12. A disposable dialysis system comprising:

a fluid flow channel having an inlet port and an outlet port;

a semi-permeable membrane residing substantially within the fluid flow channel, an exposed end of the semi-permeable membrane having a port for providing access to an interior of the semi-permeable membrane;

a dialysis fluid source;

a spent dialysis fluid reservoir;

inlet tubes fluidly connecting the dialysis fluid source to the inlet port;

outlet tubes fluidly connecting the outlet port and the spent dialysis fluid reservoir;

a shunt tube fluidly connected between the inlet tubes and the outlet tubes by a first “T” residing in series with the inlet tubes and a second “T” residing in series with the outlet tubes.

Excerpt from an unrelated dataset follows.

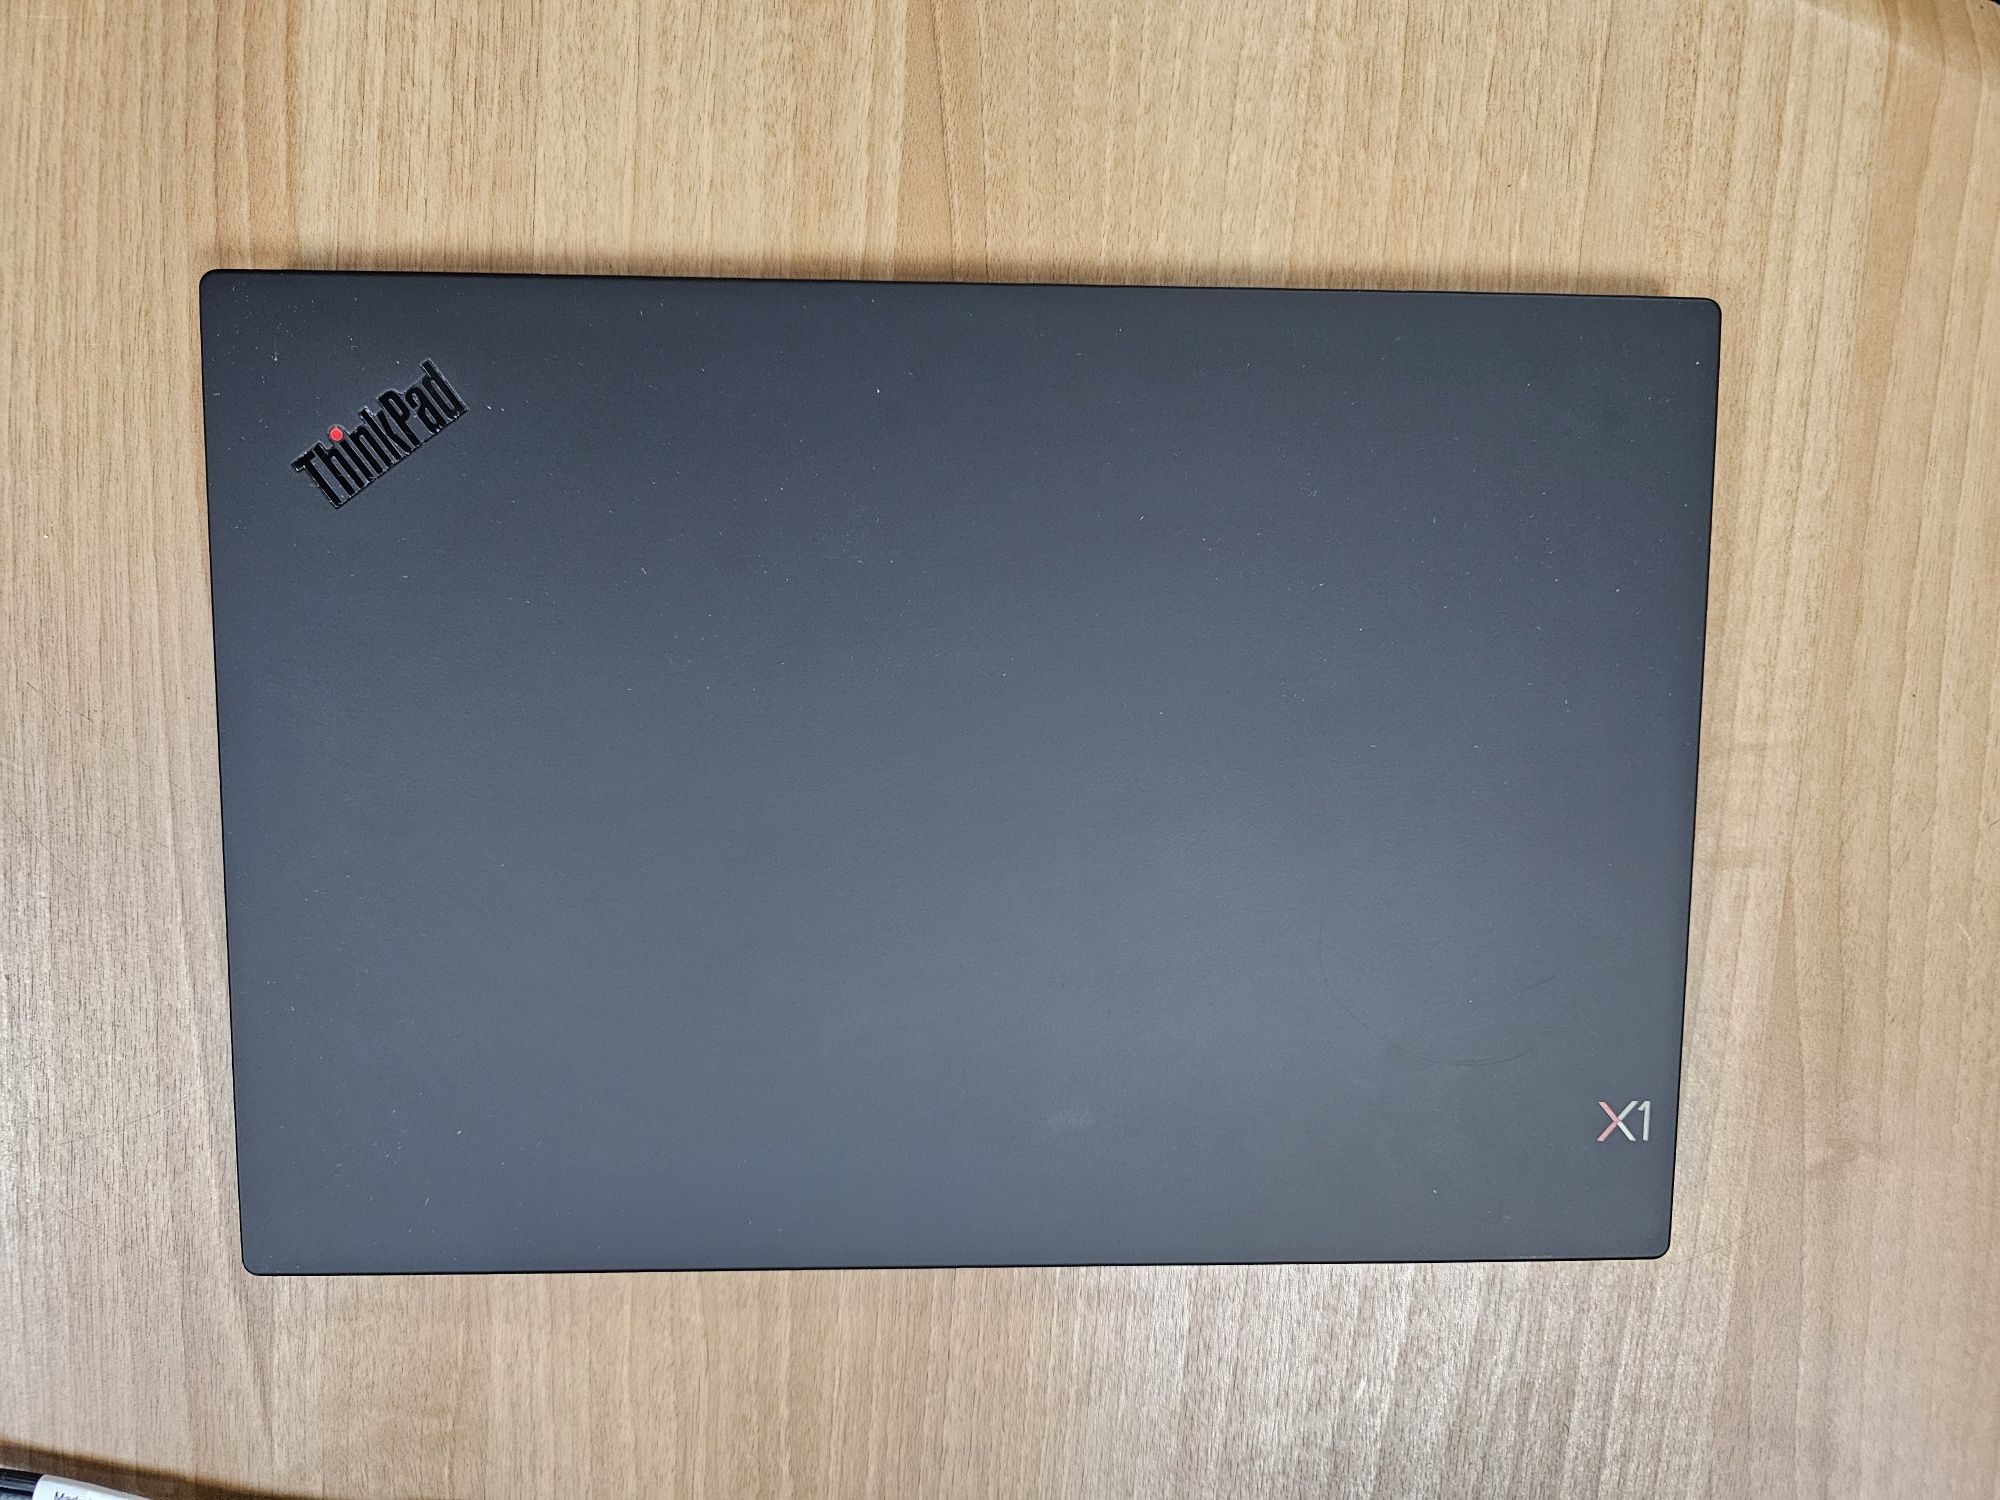 lenovo ThinkPad X1 Carbon Gen7 i7-8565U 16/512Gb FHD

a pump residing between one of the “T”s and one of the inlet port and the outlet port; and

a first on/off valve cooperating with the inlet tubes between the dialysis fluid source and the first “T” to control an inlet flow, a second on/off valve cooperating with the outlet tubes between the second “T” and the spent dialysis fluid reservoir to control an outlet flow, and a third on/off valve cooperating with the shunt tube between the “T”s to control a shunt flow,

wherein the pump cooperates with one of the group consisting of the inlet tubes and the outlet tubes to provide propulsion to dialysis fluid in the tubes.